Истинное лицо Курбатского не понравилось никому. Лицо это было неприветливо, из-под козырька фуражки (а магистр филологии был в фуражке с кокардой, вообразите только!) глядели цепкие злые глаза. Френч болотного цвета был крепко перехвачен портупеей, наглухо застегнут до подбородка, штаны с лампасами уходили в хромовые сапоги с тупыми носами, тяжелые вульгарные сапоги, предназначенные для походов в свободные демократические страны или избиений допрашиваемых.
Эти сапоги гулко били в паркетный пол, и, когда Курбатский пересек зал широкими шагами, монументальная фигура советского военного воздвиглась в томительно-вальяжной атмосфере обеденного зала пугающим призраком тоталитаризма. Ханна Арендт тогда еще не обнародовала свой эпохальный труд о природе тоталитарной власти, да и труд Поппера о врагах открытого общества был еще неведом широкой аудитории. Но и без знания данных произведений (кои, разумеется, должен освоить всякий интеллигентный гражданин) стало понятно: пришел враг. И пугающе выглядела деревянная полированная кобура, свисавшая с портупеи аж до колена полковника. Те, кто был сведущ в военном деле, а таких среди собравшихся было как минимум двое: дама Камилла и майор Кингстон, опознали в кобуре и в торчавшей из кобуры черной рукояти маузер. Рукоятка была истерта ладонью полковника – очевидно, от частого пользования; так выглядит нож убийцы с зазубринами на лезвии. Зловещий маузер, легендарное оружие бесчеловечных комиссаров, произвел в колледже Святого Христофора такое же впечатление, какое произвела бы разнузданная помпейская роспись, помещенная по ошибке в святой храм.
Собравшиеся в зале оцепенели.
Полковник Курбатский пришел не один. Он тащил за руку (именно тащил, а не вел) упиравшуюся женщину с растрепанными волосами.
Женщина рвалась прочь, но сопротивляться советскому полковнику было невозможно.
Курбатский выволок женщину на середину зала, поставил ее против собрания.
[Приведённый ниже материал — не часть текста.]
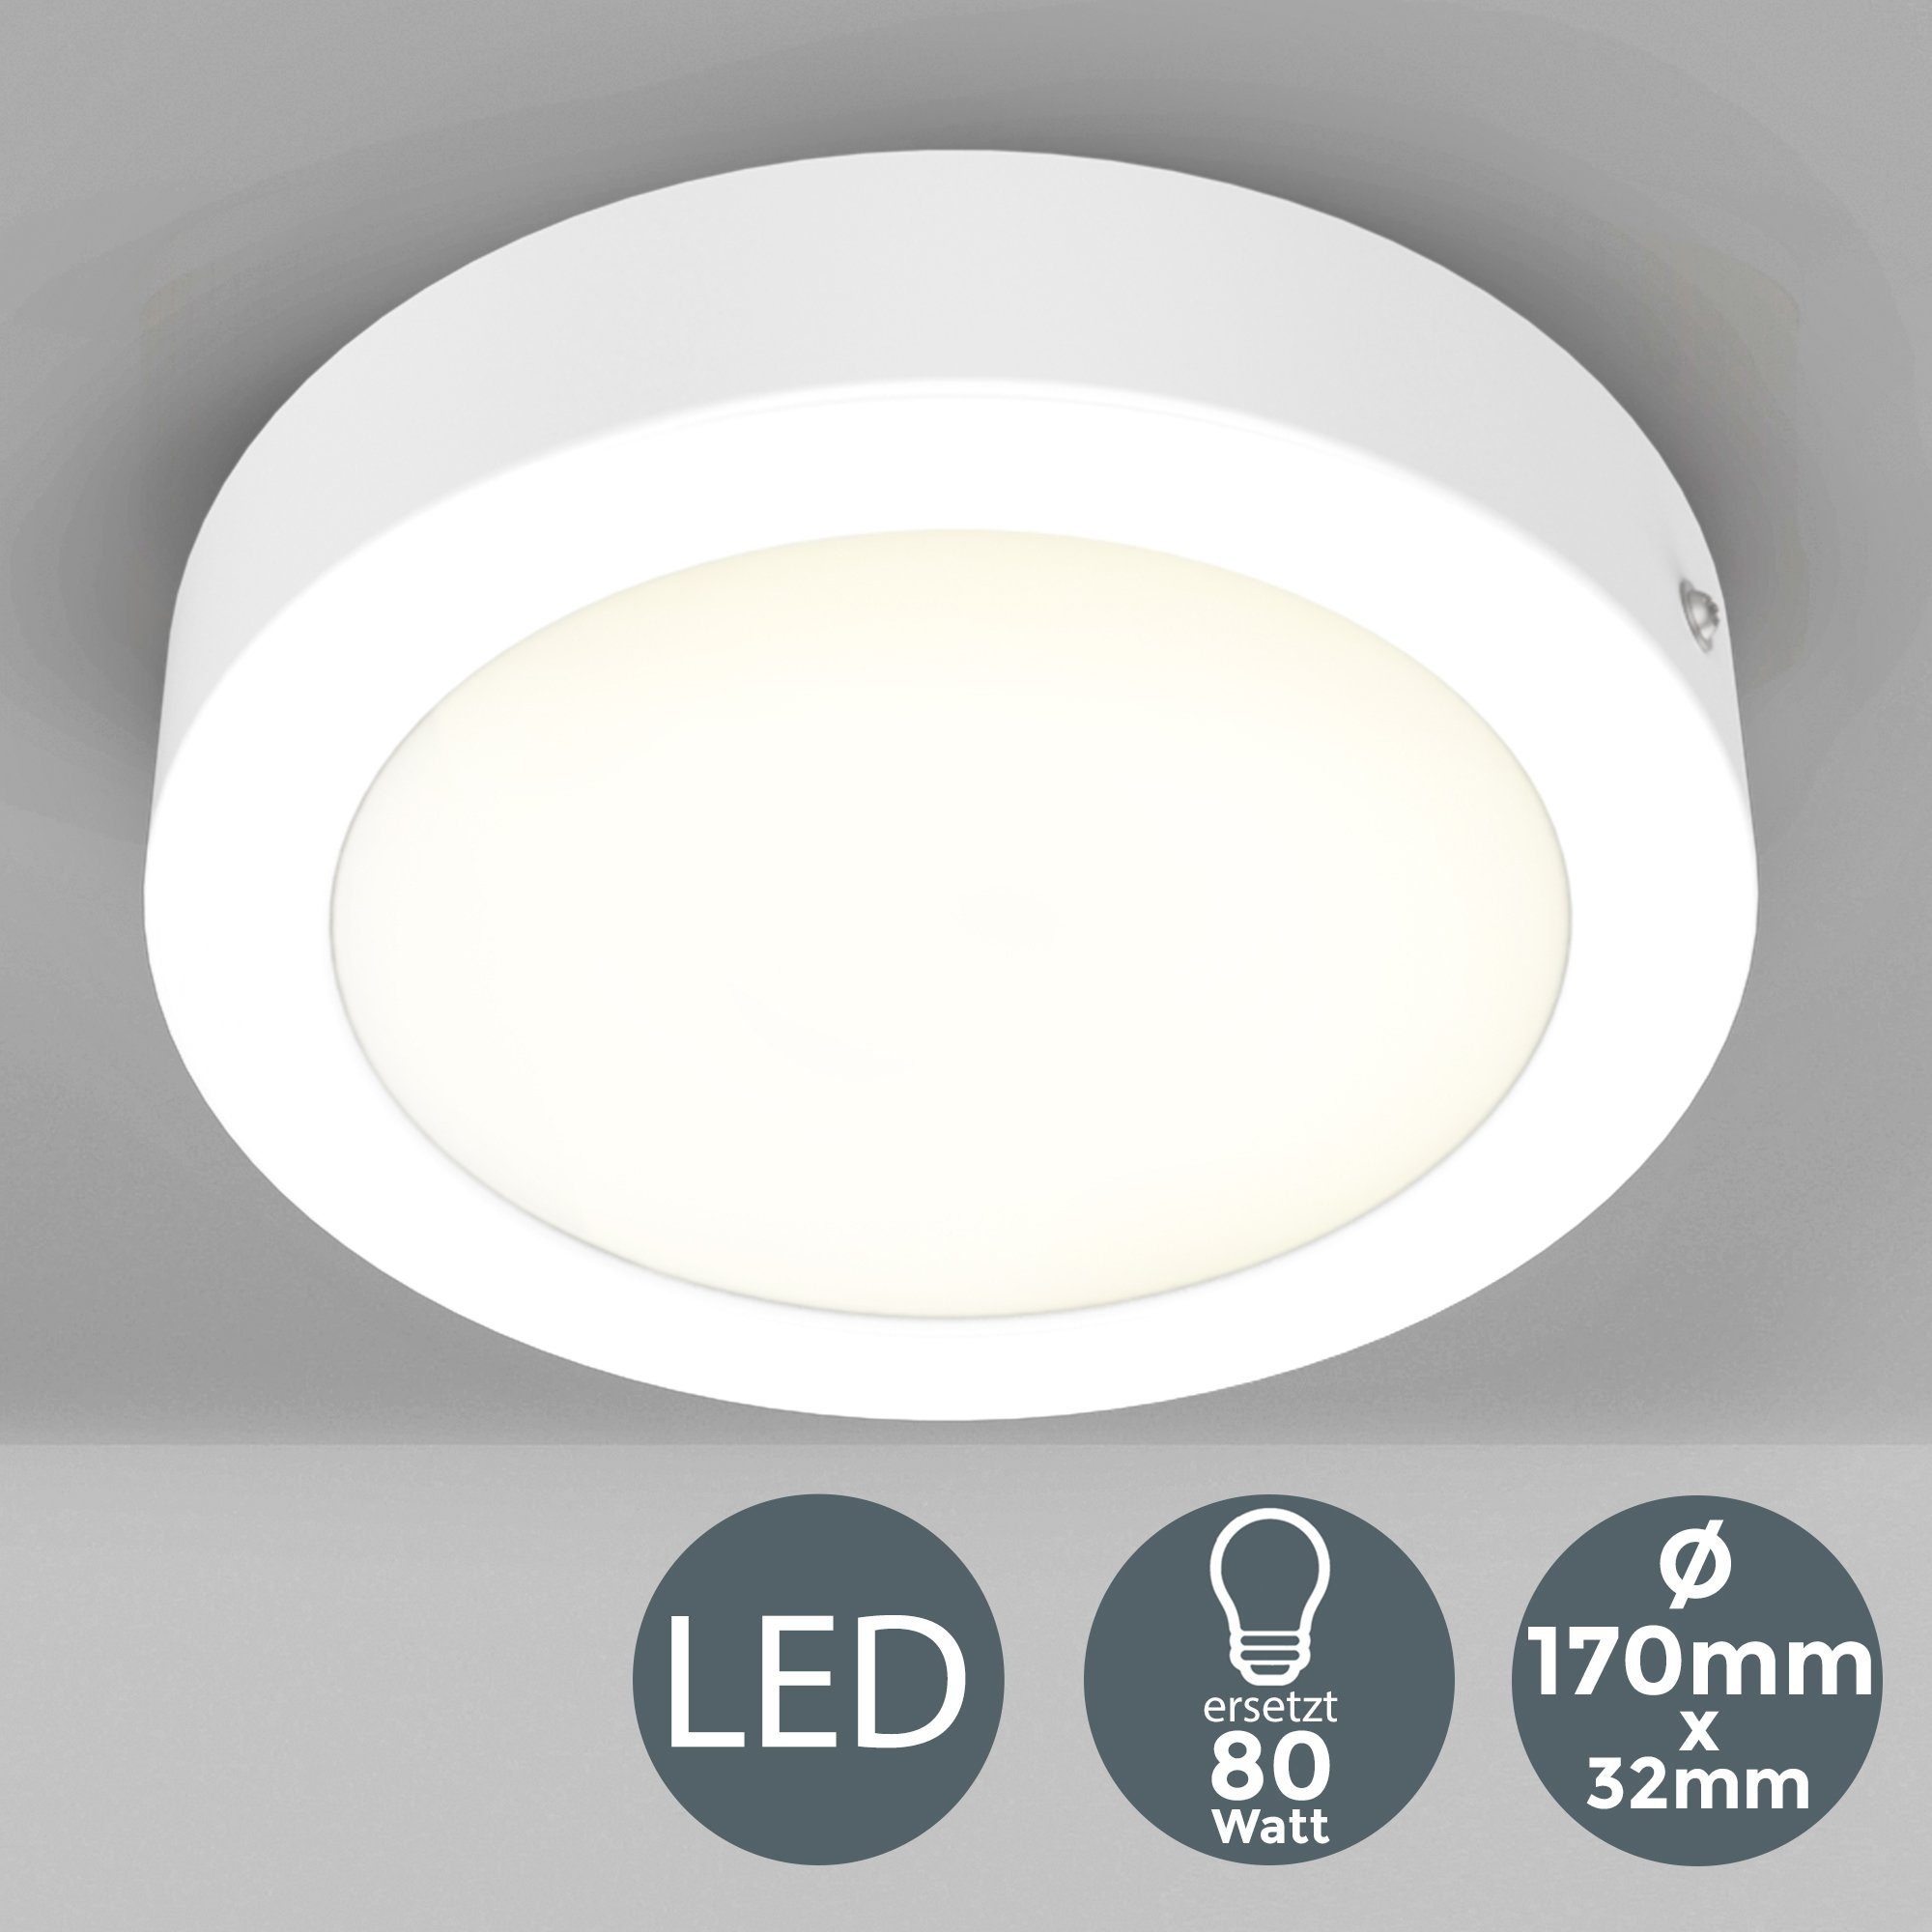 LED Ã˜170mm 900Lm, fest integriert, 12W Garnet, Warmweiß, Panel, Aufbaustrahler Unterbauleuchte, Aufputz-Decken B.K.Licht LED Spots,

Мгновенно в растрепанной даме опознали Лауру Маркони, супругу ушедшего вместе с Холмсом философа, специалиста по Данте. Лаура дрожала крупной дрожью, напоминая скорее персонажей дантовского «Ада», отнюдь не героиню Петрарки.
Курбатский поднял широкую ладонь, останавливая возможные реплики.
– Все эмоции потом, – сказал полковник. Голос звучал вовсе не так, как прежде. Металлический голос, безжалостный. Когда с вами говорят таким голосом, не возникает желания вступить в спор, пусть даже в спор сугубо филологический.
– К вам обращаюсь, Лестрейд. И к вам тоже, Мегре. Вас, французского комиссара, это напрямую касается. Остальным – слушать. Не перебивать. Руками не двигать. Полагаю, это кладет конец расследованию. Появятся другие проблемы. Майор, не советую.
Последнее было сказано майору Кингстону, чья рука мягко двинулась к карману брюк.
– Я быстрее, – сказал Курбатский. Рука советского военного не шевельнулась, он даже не потянулся к кобуре, но спокойный злой взгляд полковника не оставлял сомнений. – Даже не пробуйте. Еще раз замечу, убью сразу.
Майор Кингстон, мужчина бывалый, оценил возможности исследователя Байрона адекватно; кисло улыбнулся и скрестил руки на груди.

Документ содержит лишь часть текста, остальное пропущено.